Look at this repo's action tab, it includes the build pipelines. See here for the UDM-Pro podman update build (https://github.com/boostchicken-dev/udm-utilities/actions/workflows/podman-udmp.yml)

It looks like they are working on fixing the script- (notice the red X's). But if you see the last working one (green) it has the .zip artifact that you can use to upgrade the files in your box.

tonydith commented 2 years ago

any update to this? I'm still having the same issue, especially when using (https://github.com/boostchicken-dev/udm-utilities/actions/workflows/podman-udmp.yml)

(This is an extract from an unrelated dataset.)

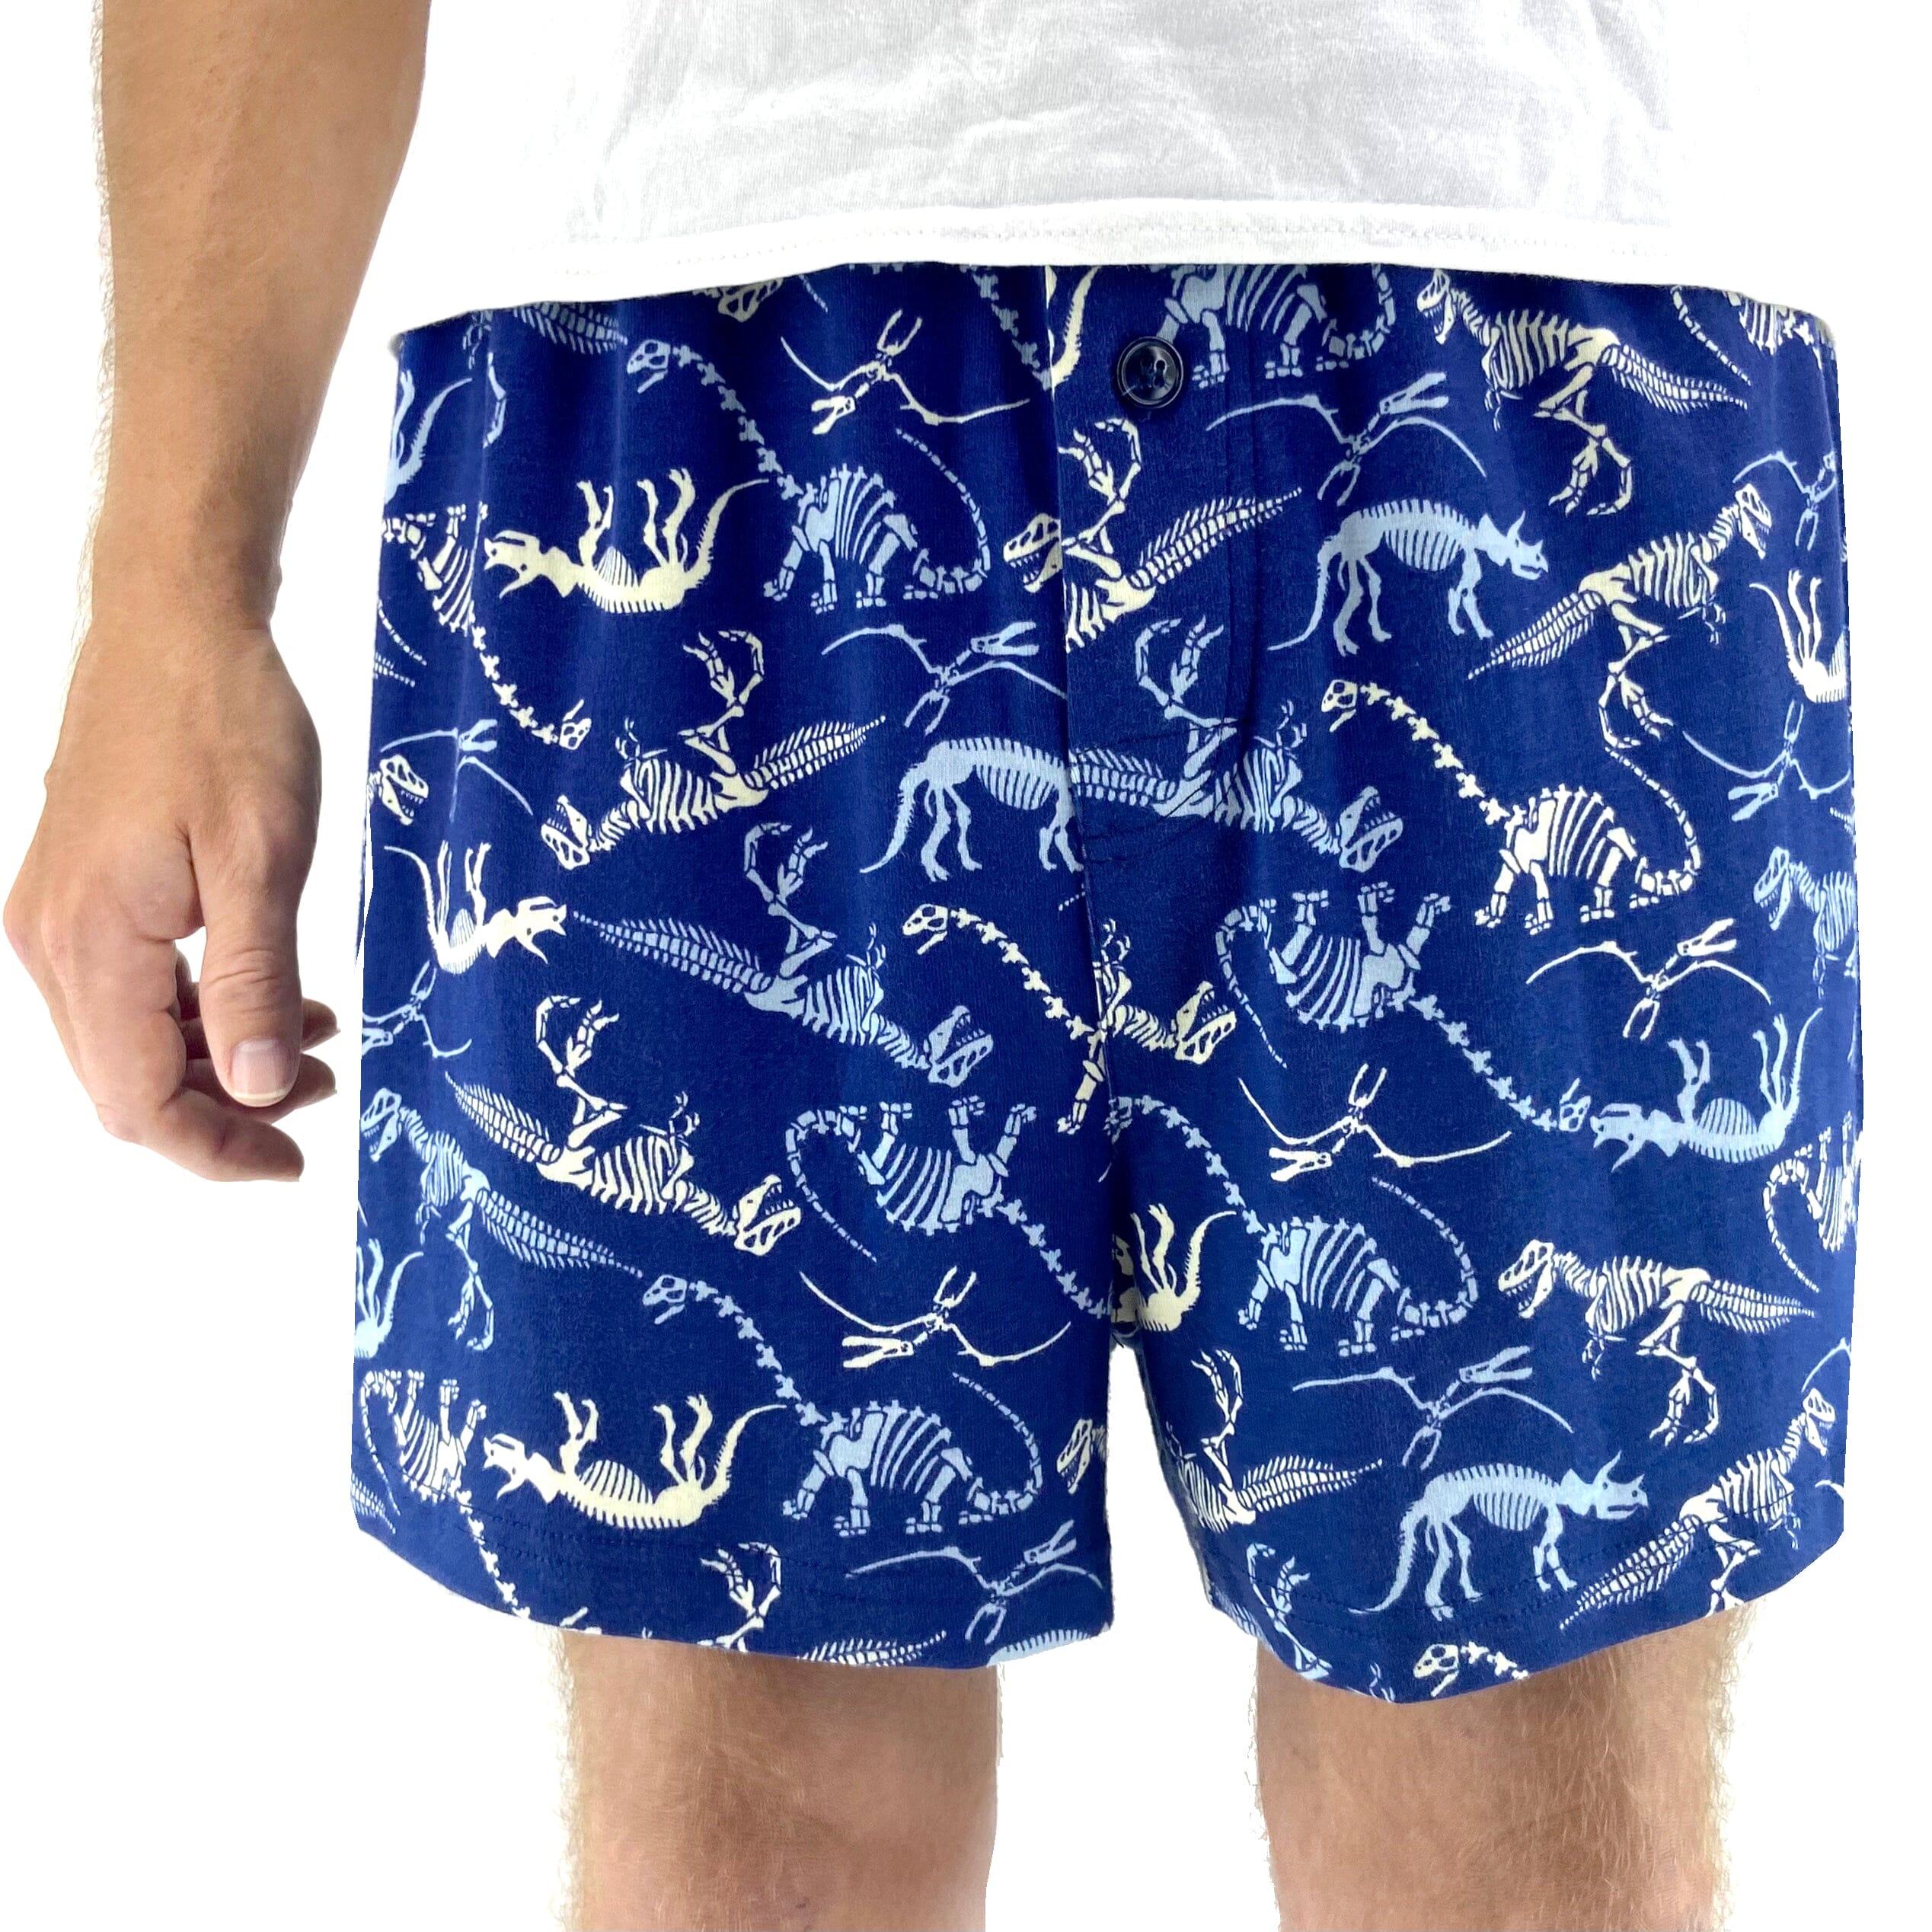 Men's Dinosaur Fossil All Over Print Cotton Knit Pyjama Sleep Shorts

I get the following error message: 

# ./udm-le.sh initial
Attempting initial certificate generation
Error: OCI runtime error: container_linux.go:380: starting container process caused: process_linux.go:545: container init caused: process_linux.go:508: setting cgroup config for procHooks process caused: bpf_prog_query(BPF_CGROUP_DEVICE) failed: function not implemented
renedis commented 2 years ago

Any update?

billchurch commented 2 years ago

@boostchicken Just to verify that you're saying DO NOT use podman-update/01-podman-update.sh ever?

csenf commented 2 years ago

@boostchicken Just to verify that you're saying DO NOT use podman-update/01-podman-update.sh ever?

Maybe you are able to update the documentation?